→ WHAT IS REQUIRED
From the entries below, copy exactly the lines from the one that contains "PERUVIAN CLUTCH WITH HANDLE - RED" through the one that contains "Disney Marvel Guardians", both included, and only those.

→ MATERIAL FOR THIS EXERCISE
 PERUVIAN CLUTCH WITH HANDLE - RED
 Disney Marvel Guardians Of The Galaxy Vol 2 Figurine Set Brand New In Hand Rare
...
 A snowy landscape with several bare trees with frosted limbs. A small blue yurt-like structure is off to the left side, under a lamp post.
...
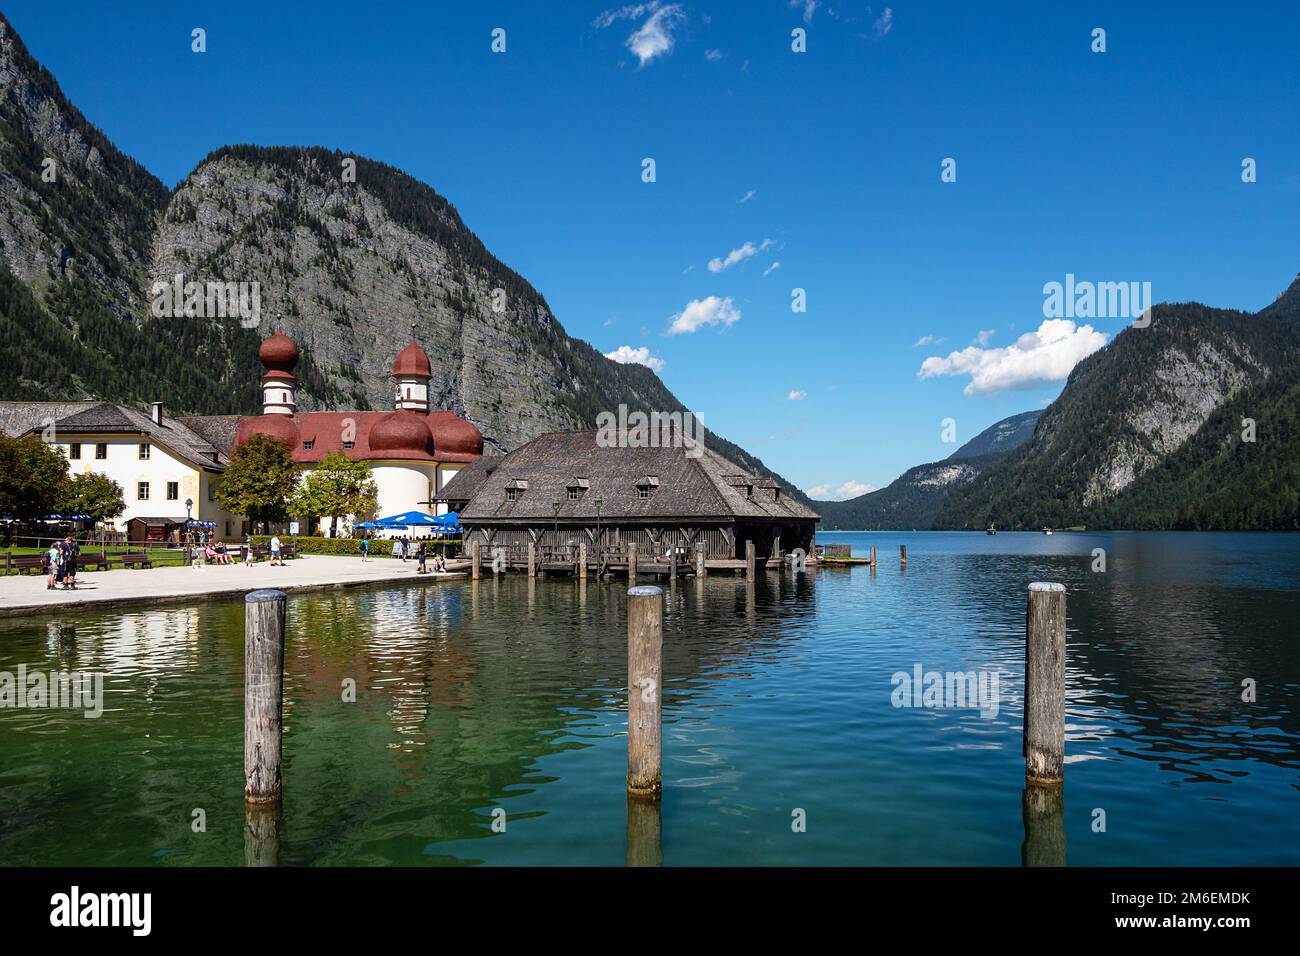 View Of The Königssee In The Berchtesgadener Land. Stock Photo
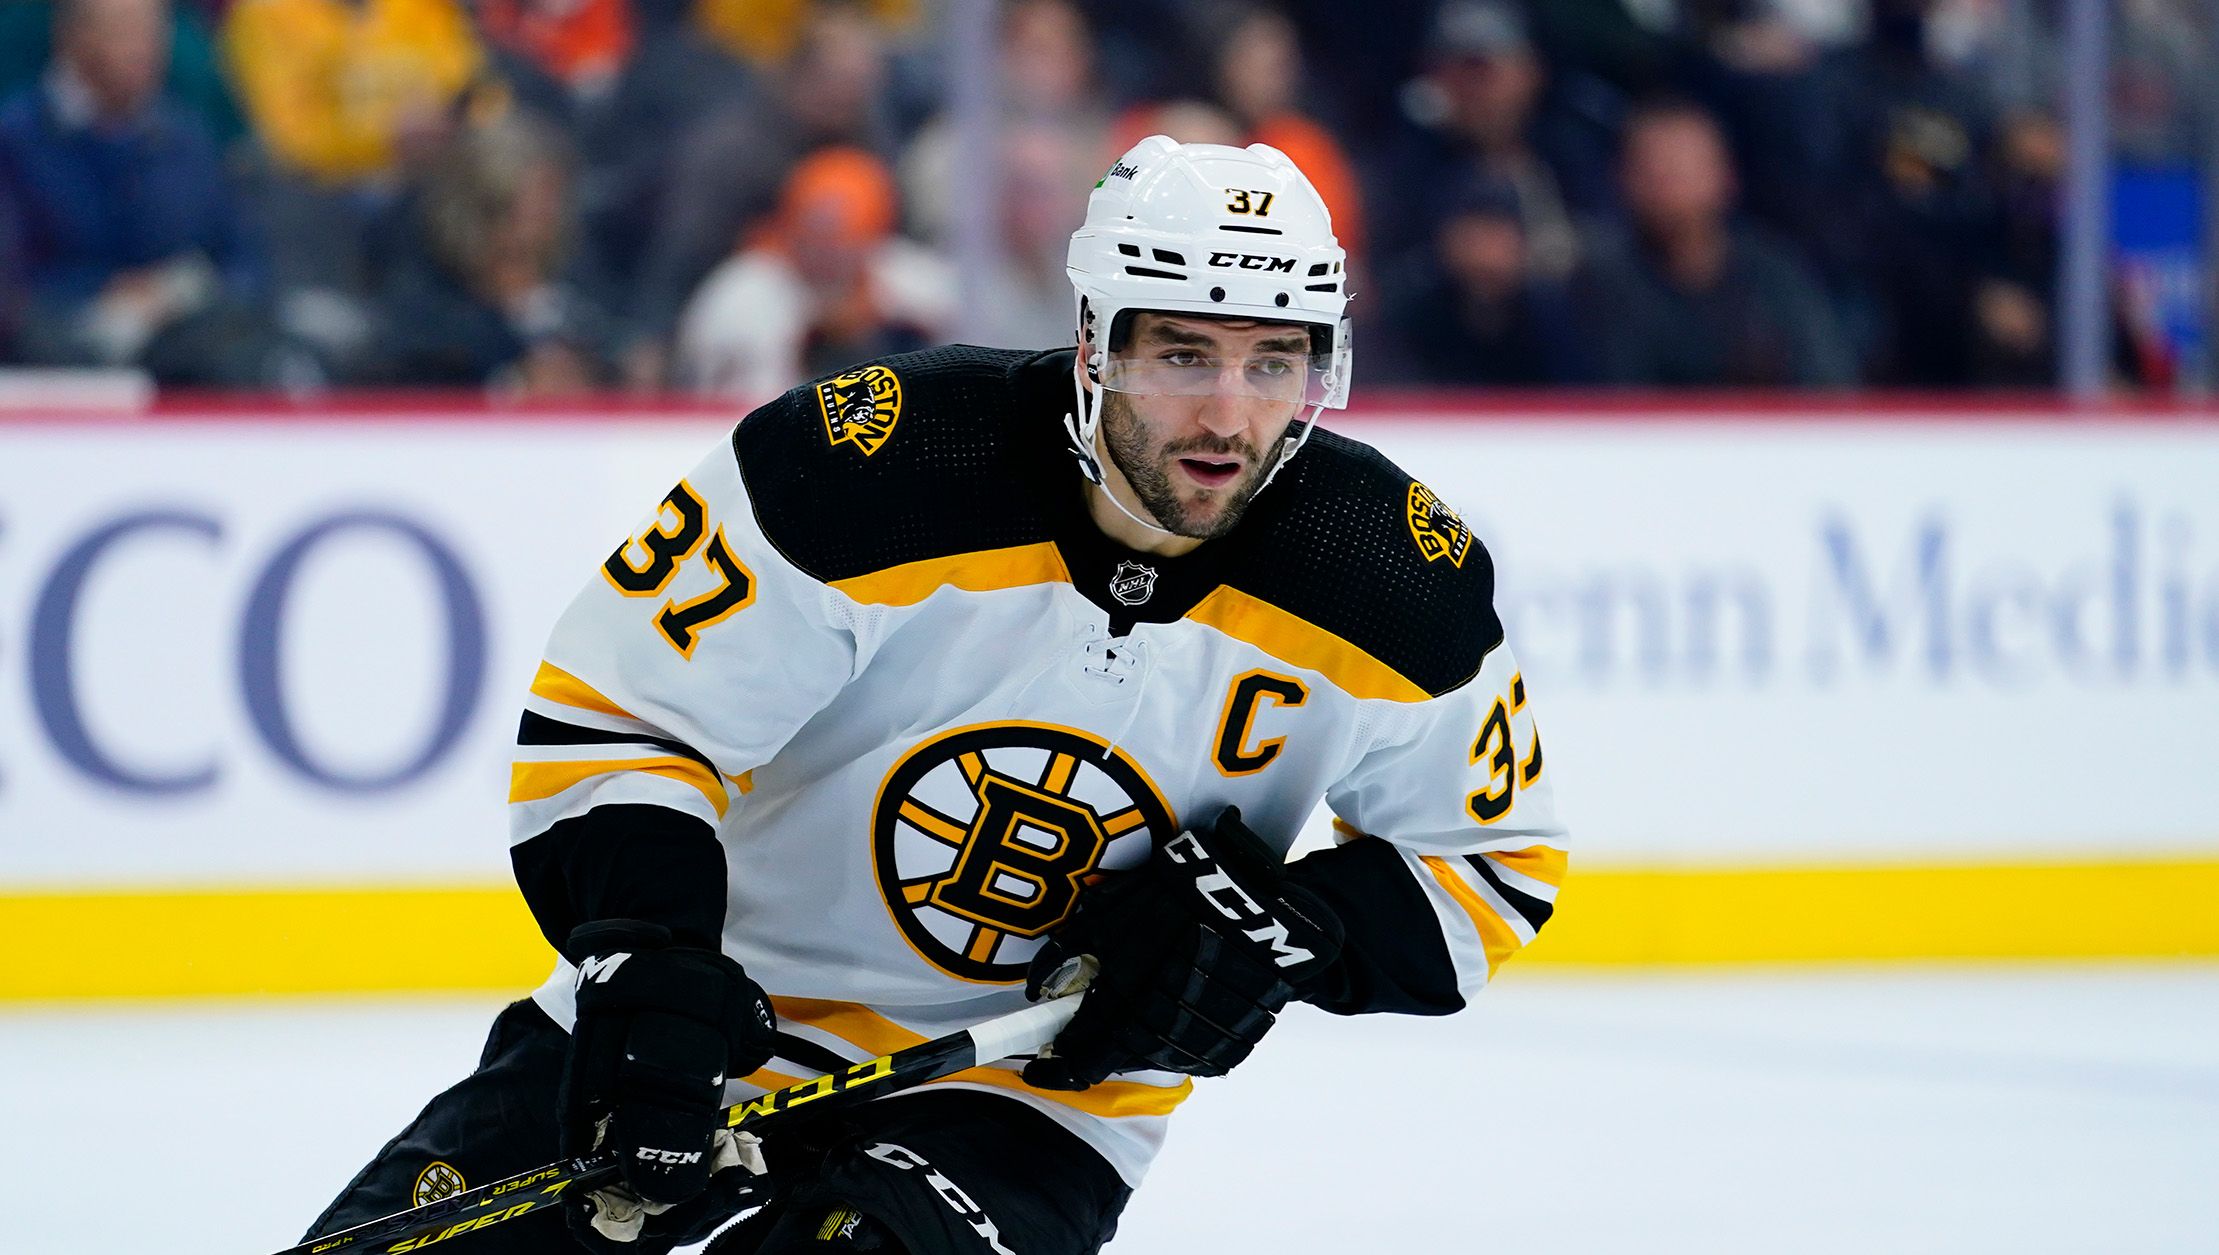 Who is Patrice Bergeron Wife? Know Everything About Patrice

→ SOLVED PROBLEM
 PERUVIAN CLUTCH WITH HANDLE - RED
 Disney Marvel Guardians Of The Galaxy Vol 2 Figurine Set Brand New In Hand Rare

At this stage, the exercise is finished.